Find the equation of the parabola having the vertex at $\left( {0,1} \right)$ and the focus at $\left( {0,0} \right)$ :
A. ${x^2} + 4y - 4 = 0$
B. ${x^2} + 4y + 4 = 0$
C. ${x^2} - 4y + 4 = 0$
D. ${x^2} - 4y - 4 = 0$

Answer 1

Hint : Take the general equation of the parabola and then substitute the values of the vertex. Calculate the value of $a$ by taking the distance of the vertex from the focus and then substitute in the equation of parabola.

Complete step-by-step answer :
As given in the question, the parabola has the vertex at $\left( {0,1} \right)$ and the focus at $\left( {0,0} \right)$ . The focus lies below the vertex.
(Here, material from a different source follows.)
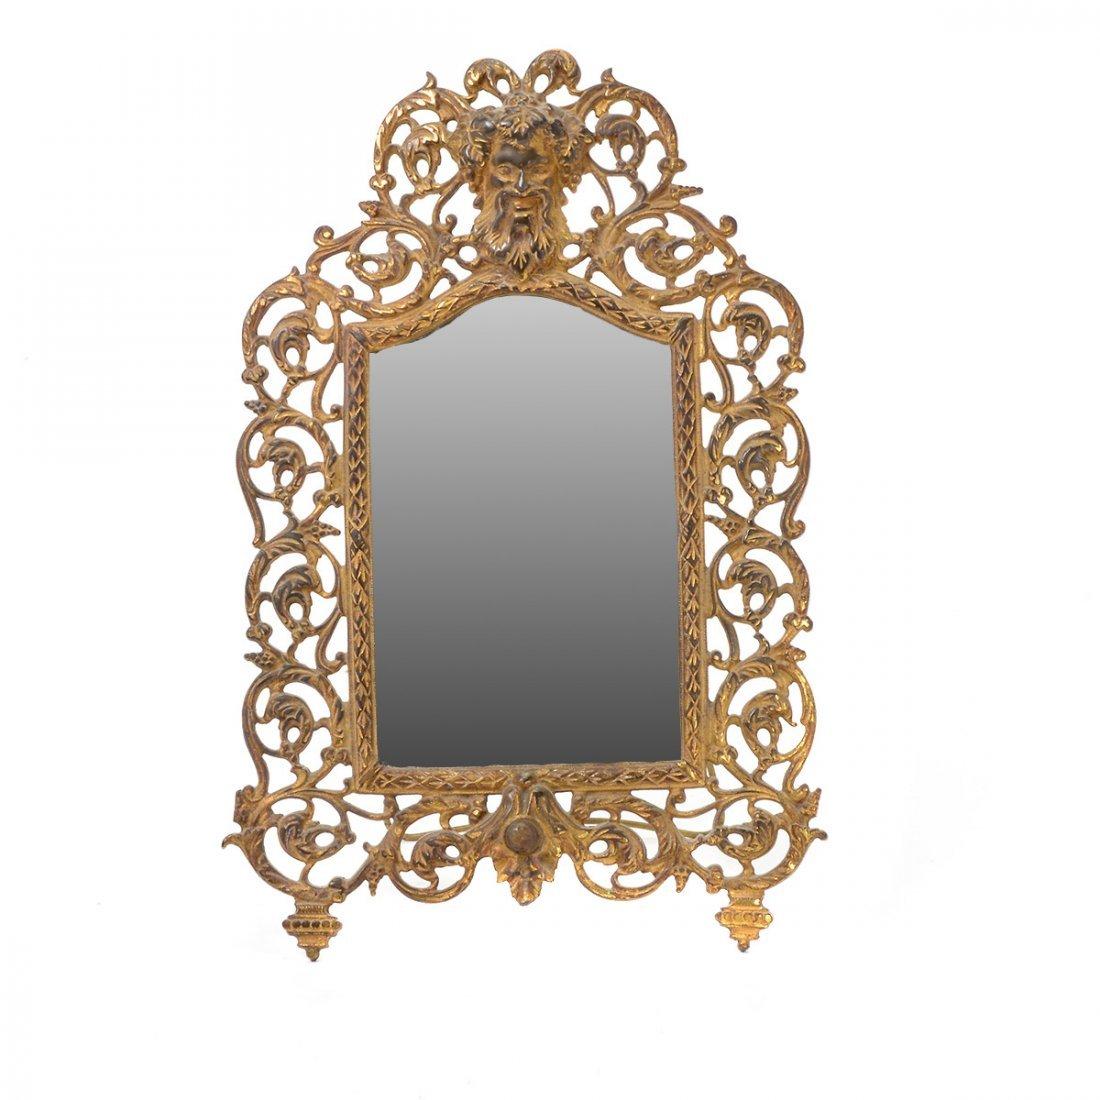 Bradley & Hubbard Renaissance Style Gilt Dresser Mirror - 3

So, the general equation of the parabola is ${\left( {x - h} \right)^2} = - 4a\left( {y - k} \right)$ where $\left( {h,k} \right)$ is the vertex of the parabola and $a$ is the distance between the vertex and the focus.
Substitute $0$ for $h$ and $1$ for $k$ in the equation of parabola as per given in the question:
${\left( {x - h} \right)^2} = - 4a\left( {y - k} \right) \\\ {\left( {x - 0} \right)^2} = - 4a\left( {y - 1} \right) \\\ {x^2} = - 4a\left( {y - 1} \right)\;\;\;\;\;\;\; \ldots \left( 1 \right) \;$
Now calculate the distance between the vertex $\left( {0,1} \right)$ and focus $\left( {0,0} \right)$ by using the distance formula.
$\sqrt {{{\left( {0 - 0} \right)}^2} + {{\left( {0 - 1} \right)}^2}} = \sqrt {{0^2} + {{\left( { - 1} \right)}^2}} \\\ = \sqrt 1 \\\ = 1 \;$
As the value of $a$ is the distance of the focus from the vertex which is equal to $1$ .
Substitute $1$ for $a$ in the equation $\left( 1 \right)$ of parabola.
${x^2} = - 4a\left( {y - 1} \right) \\\ {x^2} = - 4\left( 1 \right)\left( {y - 1} \right) \\\ {x^2} = - 4y + 4 \\\ {x^2} + 4y - 4 = 0 \;$
So, the equation of the parabola is equal to ${x^2} + 4y - 4 = 0$ .
So, the correct answer is “Option A”.

Note : The general equation of the parabola with focus below the vertex is equal to ${\left( {x - h} \right)^2} = - 4a\left( {y - k} \right)$ where $\left( {h,k} \right)$ is the vertex of the parabola and $a$ is the distance between the vertex and the focus. The distance between two points $\left( {{x_1},{y_1}} \right)$ and $\left( {{x_2},{y_2}} \right)$ is equal to $\sqrt {{{\left( {{x_2} - {x_1}} \right)}^2} + {{\left( {{y_2} - {y_1}} \right)}^2}}$ with the help of the distance formula in two dimensional geometry.